Being a veteran of the Civ series, my initial reaction is holy shit! Then I took a couple of moments to think, and then I thought, wait a sec, is it really time for a new Civ? Also, while the screenshots look great, is there a noticable difference from Civ 4?
Also, it looks like not just catapults, but archers can fire at range, judging by the SS. It would be really interesting if you could no longer stack units beyond a certain size and instead had to spread your army across the landscape.
I think you misunderstood me. By next step up from Square to Hex, I meant what’s the next step up that can be used to ensure complete coverage for a map. Is there even such a shape?
Well, we don’t actually know what the spatial scale is at this point. Looking at the screenshots would lead me to believe it is similar to Civ 4 perhaps, but then the little graphics of the farms and towns and what not make me wonder if the tile system is not much larger then what we are used to.
Stacking limits would dramatically change the game, making every tile important - not just those with cities, units or stacks of dudes. It would also mean a lot more army micromanagement since you can’t just stick them all in a group and move them as a unit. If you have as many units as you can get in a Civ 4 game and had to move every single one as a separate item, you would have a lot of clicking to do.
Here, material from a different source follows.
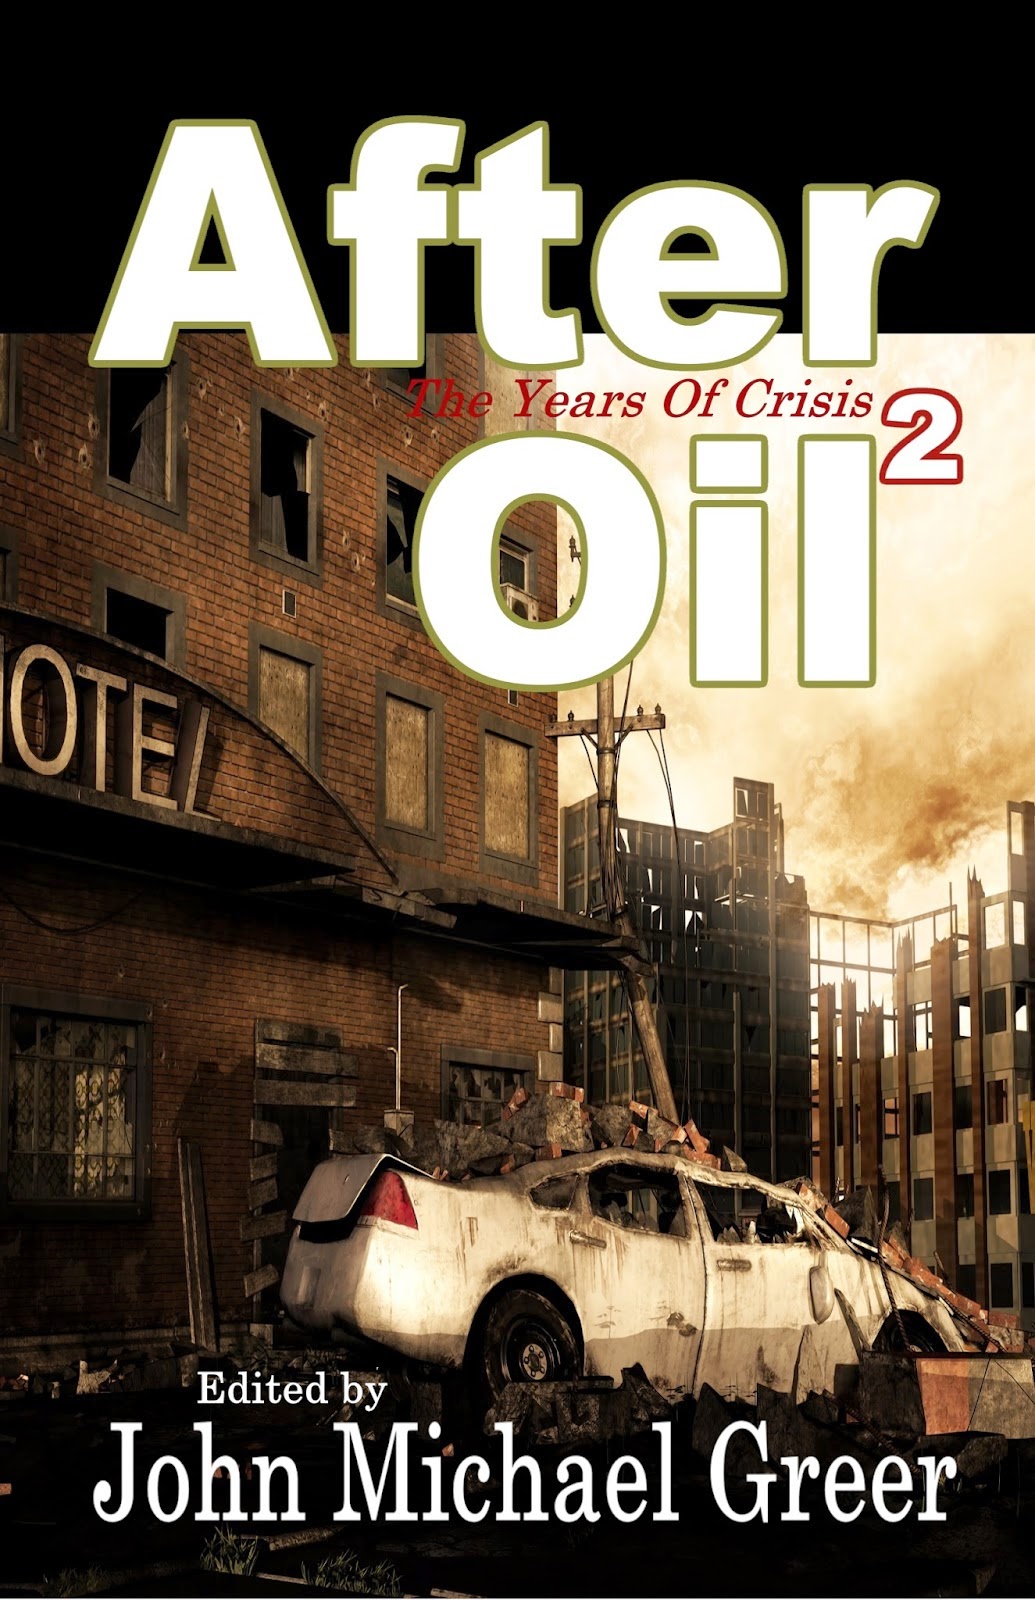 After Oil 2 Anthology

Not to mention path finding - your units could accidentally (or intentionally) block other guys from coming through.
This one change, if confirmed, would completely transform the military end of Civ.
Civ 4 is full of opportunity for improvement. Espionage and corporations for one. And maybe I just suck at it, but I didn’t find the combat very engaging. You were basically forced to make huge stacks of every “type” of combat unit, and chip away at defenses with artillery before having any hope in hell of capturing a city with even 50% of your army intact.
.
.
.
.
.
.
.
.
.
.
I do just suck at it, huh?
Design wise I wouldn’t imagine it actually makes a tremendous difference to how the game plays (less potential angles to attack/be attacked from down from 8 to 6 I guess? Any others?), but I think hexes make it easier to visualise radial distances (like a city radius for example) as you get rid of the increased length of a diagonal on a square grid.
A circle maps a lot better to a hex grid than it does to a square one.
If stacking is reduced/gone that would be a much larger shake up and along with the confirmed attacking from several hexes away is going to mean whole new strategies.
If the average landscape are much bigger, the game could support more pseudo-tactical battles in the same board, i mean without the need of switching to a minigame with a miniboard for tactical battles, but in the same strategic map. With lancers in one hex, archers could fire everything in a 2 hex distance, catapults with a 4 radius hex attack, latter modern firearms could have a proportional range engagement, movement could scale better (siege machinery 1 hex, infantry 2 hexes, scouts 3 hexes, cavarly 5 hexes, tanks 20 hexes, etc), instead of the simplistic combat of every Civ. It wouldn’t be “another game on top of the main game” which would slow everything, more or less the combat would be like is already in terms of unit stats (attack, movement, hitpoints, bombardement option, etc), just a bit more involved and more realistic. Also it would scale better across the Ages.